If we are unwilling to converse with anyone who thinks differently, we remain insular and cannot welcome newcomers. Suppression is never a healthy way of engaging with ideas. The sort of virulent response that results when, for example, questions about homosexuality or the ordination of women are raised, even when no particular position is advocated, does Orthodoxy no service. Condemning those who ask them provides no answers to anyone and does not strengthen anyone’s faith.

Orthodox scholars need to be able to engage in dialogue with Christians of all confessions and with agnostic and atheist scholars of their respective disciplines without being maligned or crucified on the blogosphere. They need to be able to publish and think without fear of being accused of heresy or dismissed as no longer sufficiently orthodox.

Eschewing the best academic learning available—whether philosophical or scientific—or simply rejecting it out of hand makes us reactionary and blind. That does not mean jumping on every bandwagon or automatically adopting every new academic fad. New approaches and theories should be carefully examined. But it does mean that contemporary Orthodoxy must be open to creativity, to change, and even to originality. New questions require new answers.

Orthodox places of learning have an obligation to sustain safe spaces of genuine open inquiry and to foster rigorous and creative theological thinking with the best academic tools of the 21st century. Seminaries, the ecclesial hierarchy, parishes, and Orthodox academics together must undertake the task of thinking through what it might mean to live the tradition today, within the present reality, faced with contemporary problems.
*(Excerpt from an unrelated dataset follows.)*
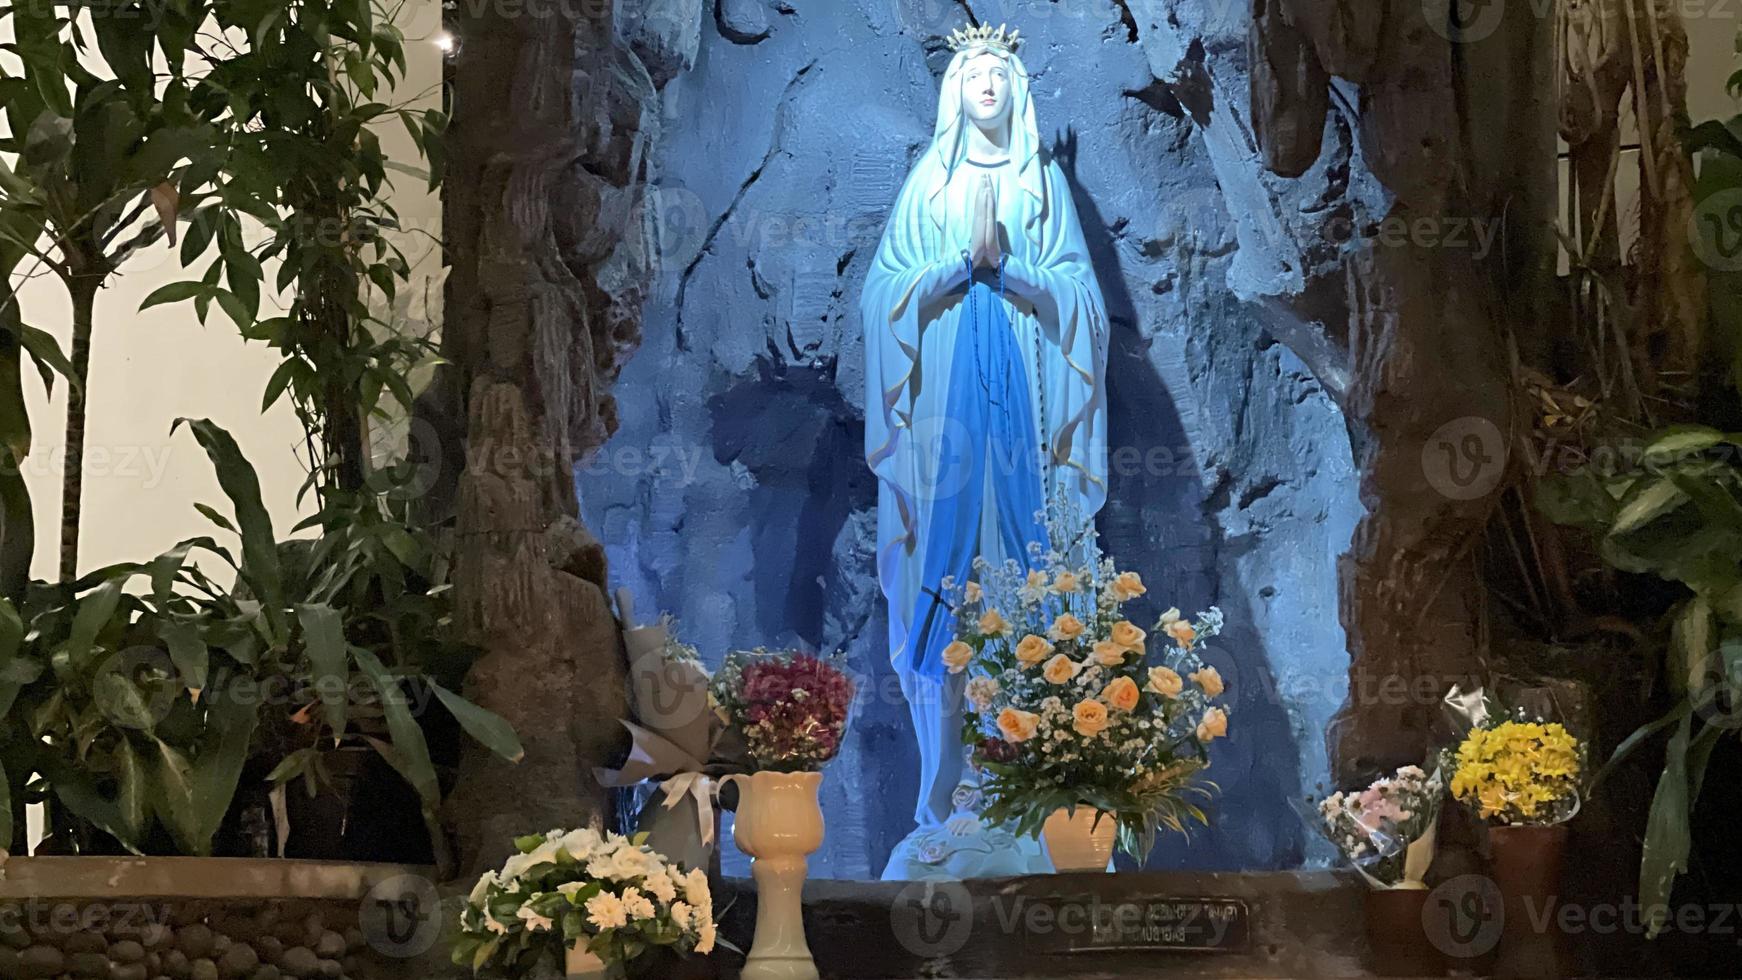 a caverna da virgem maria, estátua da virgem maria em uma capela de caverna de pedra igreja católica com vegetação tropical foto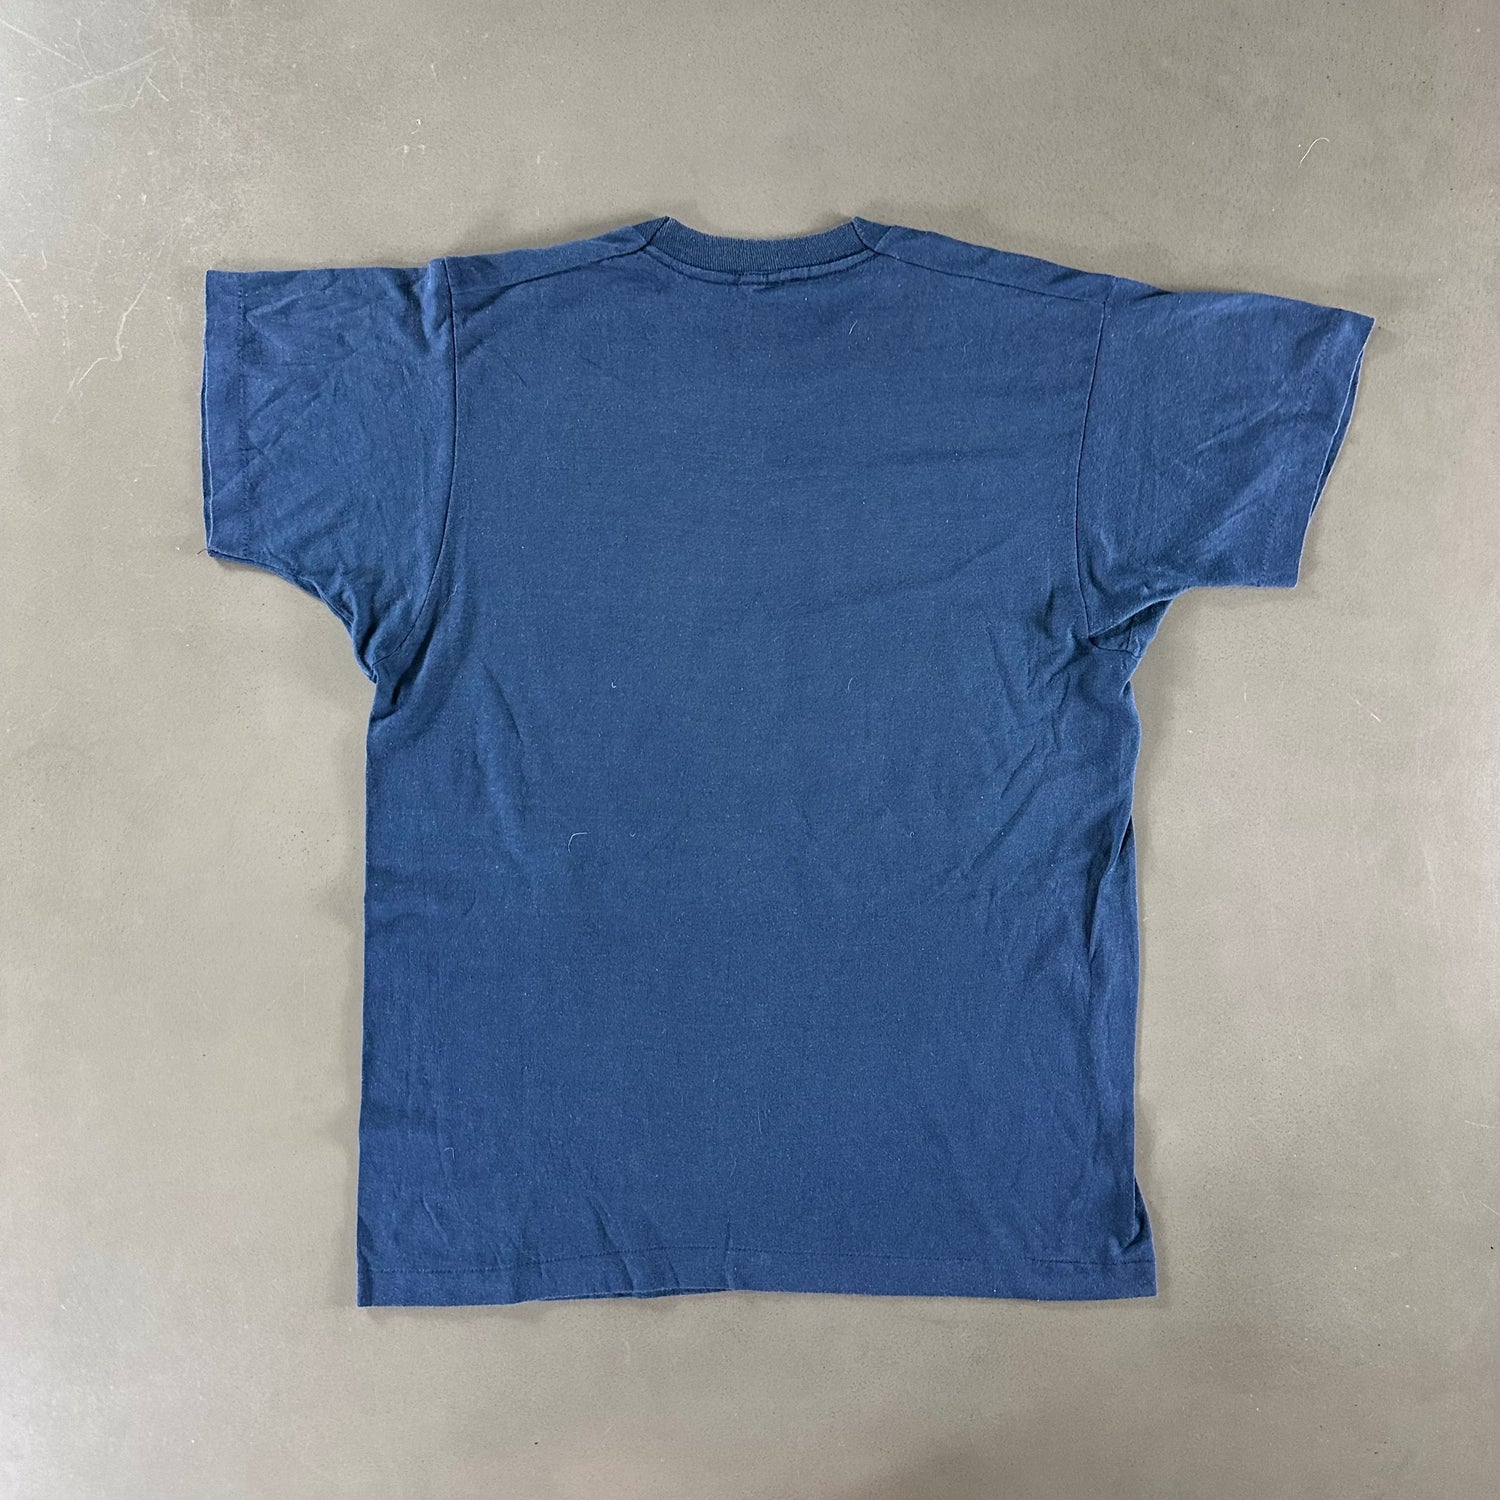 Vintage 1980s Fan Club T-shirt size Large

Academic freedom promotes an environment where we can think deeply theologically, where we can try out ideas creatively, where we can support and listen to each other, where we can experiment with ways of thinking through the tradition in light of contemporary challenges—and where such thinking is heard and taken seriously, including within the daily life of parishes. Only in such a way will we be able to keep the tradition alive and meaningful today.